Returning to branching step 116, if the GAME switch was set to 2
the operational sequence reaches the same point 171 through a more
elaborate series of steps 141 through 164, which are the detail
steps within composite step 140 of FIG. 6. As before the
illustrated series begins with a condition or title block 141. The
first actual step, diagrammed as "i=1," is to store a "1" in a
memory 428, FIG. 9, which is reserved for holding the number of the
player station being addressed. Memory 428 may be referred to as
the "address-station-`i` memory," or just as "i"--and hence the
notation "Set i=1" in FIG. 8a. Thus the following sequence of steps
is addressed to station 1. At step 143 similarly the value 8 is
stored in another memory 429, FIG. 9, that memory being used in
counting the number of times a display lamp is flashed. Memory 429
may be referred to as the "flashing-index-`j` memory," or just as
"j"--and hence the notation "Set j=8" at step 143. Next the
procedure is to turn on the LED display lamp for the station whose
number is stored in "i" memory 428, and emit an audio tone--step
146. The lamp and tone remain on while the apparatus waits for four
cycles of the microprocessor oscillator, step 147, and the player
at station "i" (the station where the LED lamp is illuminated) may
respond. If there is no response entered via the BUZZ switch S6
during the four-cycle pause, the branching step 148 passes control
to procedural step 149--and the LED lamp and tone are turned off.

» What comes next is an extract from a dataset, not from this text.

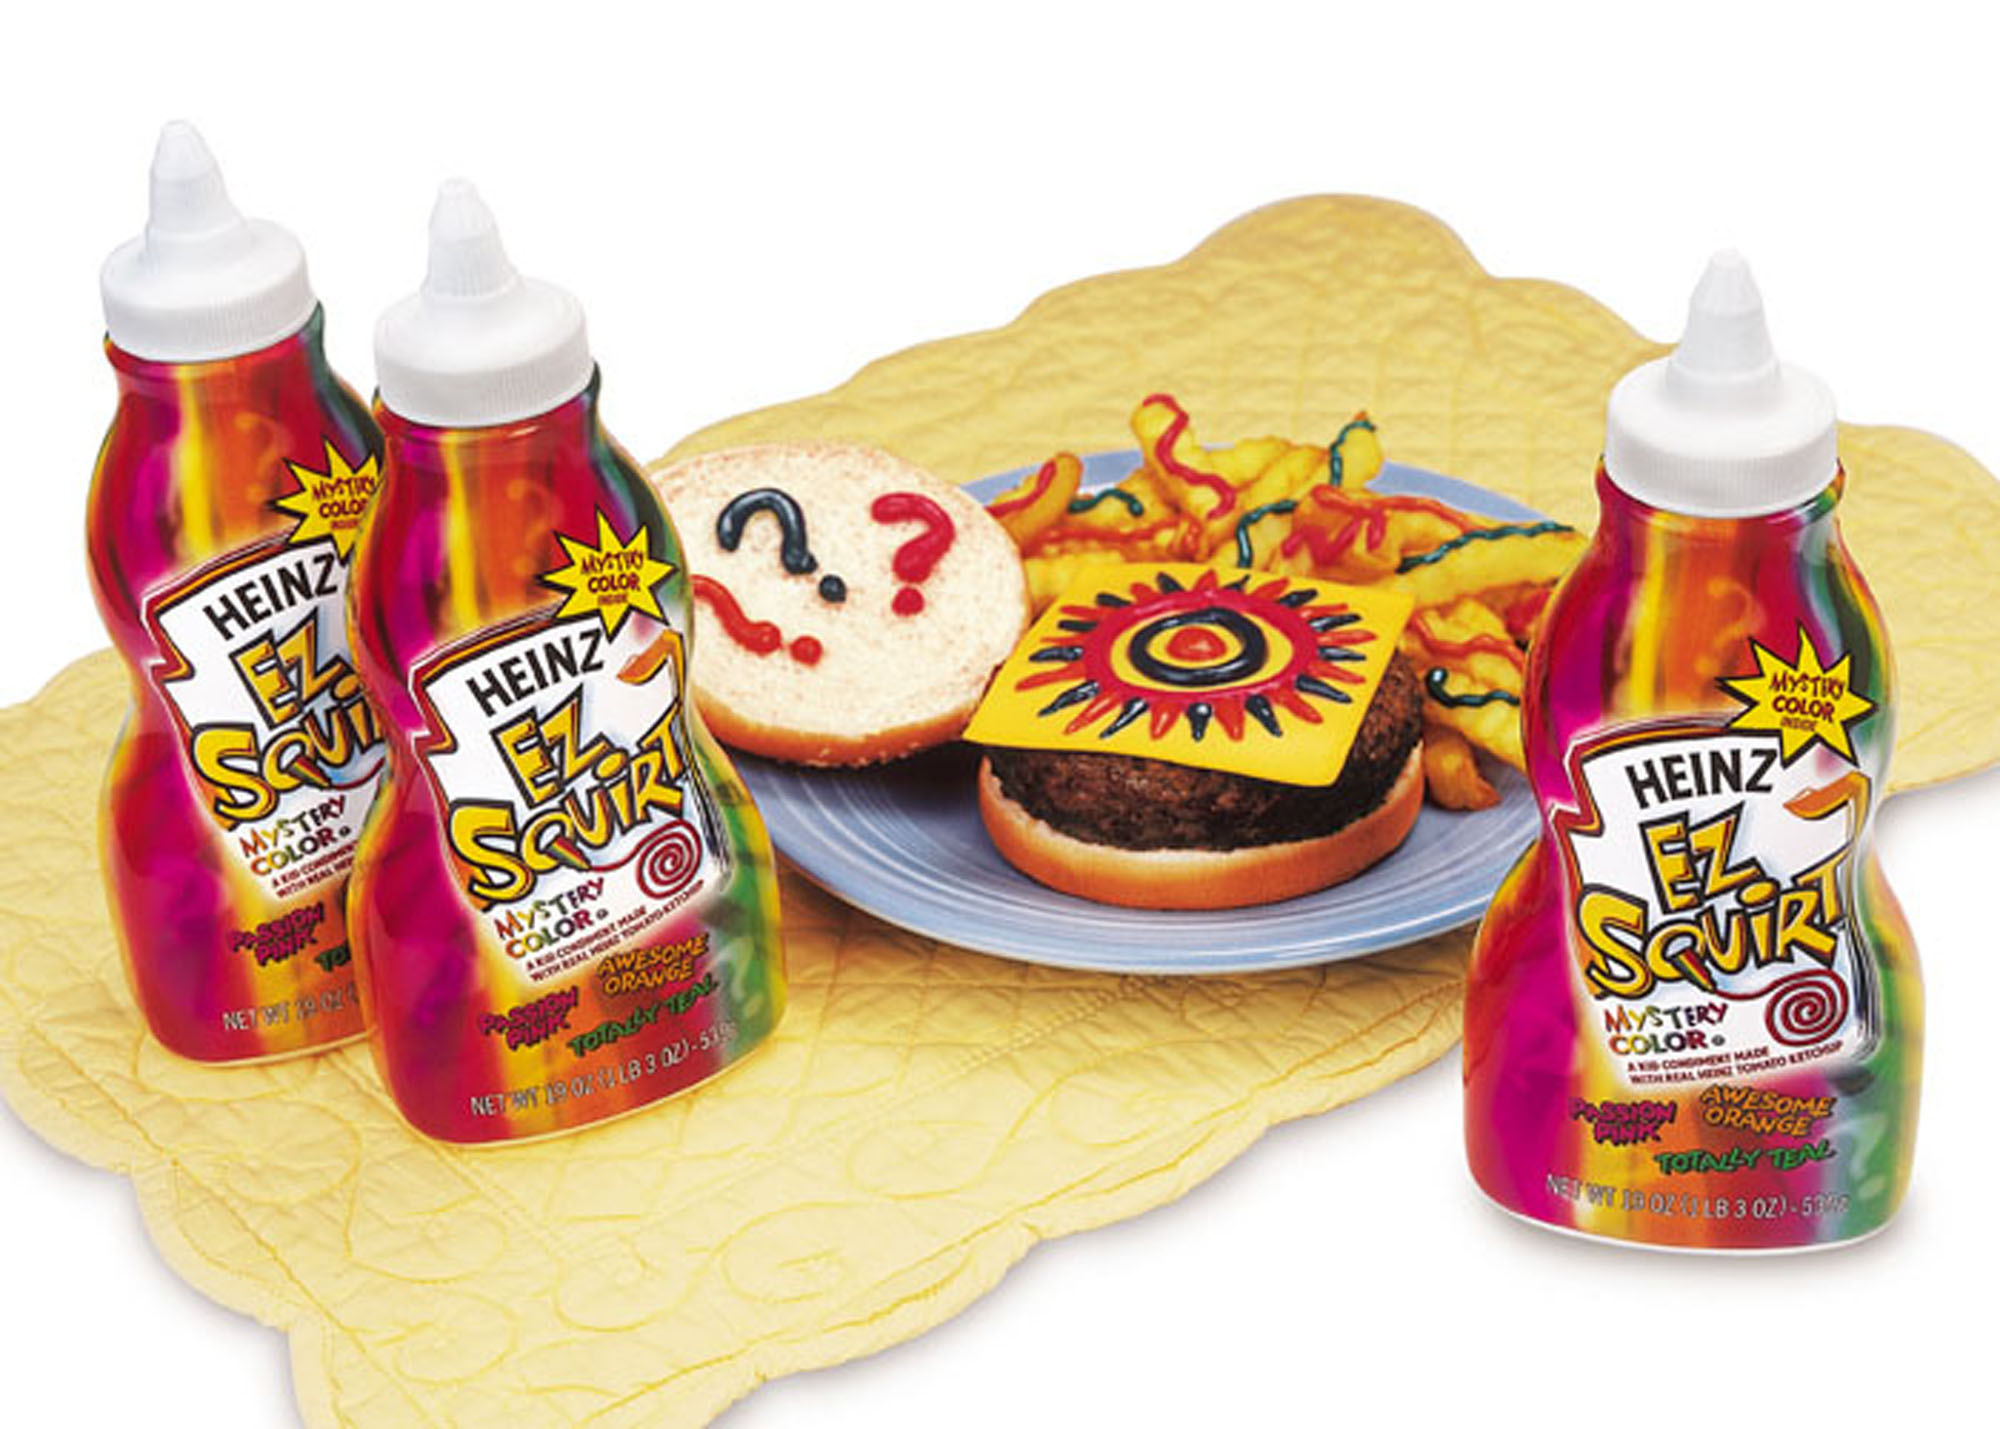 Great products. Кетчуп Heinz. Цветной кетчуп. Разноцветный кетчуп от Heinz. Кетчуп 2000х.

At step 151 the apparatus waits for three cycles of the oscillator,
and then in step 151 the value of "j," the number stored in memory
429 (FIG. 9) is decreased by one. In branching step 153, if the
flashing-index value "j" has not yet reached zero the procedure
returns by path 145 to step 146, which repeats the query of station
"i" (so far, still station number 1). If there continues to be no
response from station "i" the light and tone flash again and again
as the apparatus goes through the control loop composed of steps
146 through 153 and return path 145, until the flash-index "j" is
found at step 153 to have reached zero. The branching step 153 then
directs the operation to step 162, where the number stored in
memory 428 (FIG. 9) is increased by one, and the new value of that
number is tested at step 163 to determine whether it has gone
beyond the value 6--corresponding to inquiry of all six player
stations. In the example so far the value of "i" is only 2, so the
answer to the branching question at step 163 is "no" and the
procedure follows return path 144 to step 143. If station 2 also is
not tended, so that the eight-flash inquiry elicits no response
from that station, the resulting procedure will be identical except
that at step 162 the value of "i" will be incremented to 3 before
returning to step 143. So far it will be noted that the values
stored in all the matrix memories 410 (FIG. 9) are still zero, as
they were set in step 112--and the values in the memories at rows
401 and 402 of that matrix will remain at zero throughout the
present game. Assuming, however, that there is at least one player
in the game, the loop consisting of steps 143 through 162, plus
step 163 and return paths 145 and 144, will in due course come to
the station(s) that will actually be played. If for example station
number 3 is to be played, then at some time during the eight-flash
inquiry cycle the player at that station will respond by pressing
his BUZZ switch handle. When the branching step 148 is next reached
control will then pass to step 154 instead of 149. In step 154 a
one will be stored in both of the memories corresponding to row 403
of FIG. 9. Stated more generally, both the player-present and the
player-active memories for station "i" are set to one, or in
abbreviated form "player(i)=1, active(i)=1." As i=3 in the example,
only the third pair of memories is affected. Next the tone is
turned off, step 155, and the random-count memory 427 (FIG. 9) is
loaded with a randomly selected value between 6 and 14, inclusive,
as and for the reasons previously discussed with respect to step
127. Steps 158 and 159 are provided to make certain that the BUZZ
switch has been released before the apparatus proceeds to later
steps, to avoid confusing the response from station i=3 with the
response from station i=4, and so on. In step 157 the apparatus
waits while a few microprocessor counts occur and then proceeds to
step 158, which tests to determine whether the BUZZ switch has been
released yet. If not, return path 159 starts the delay again; if
so, the LED lamp for station i=3 is turned off, step 161, and the
procedure returns to step 162--previously discussed.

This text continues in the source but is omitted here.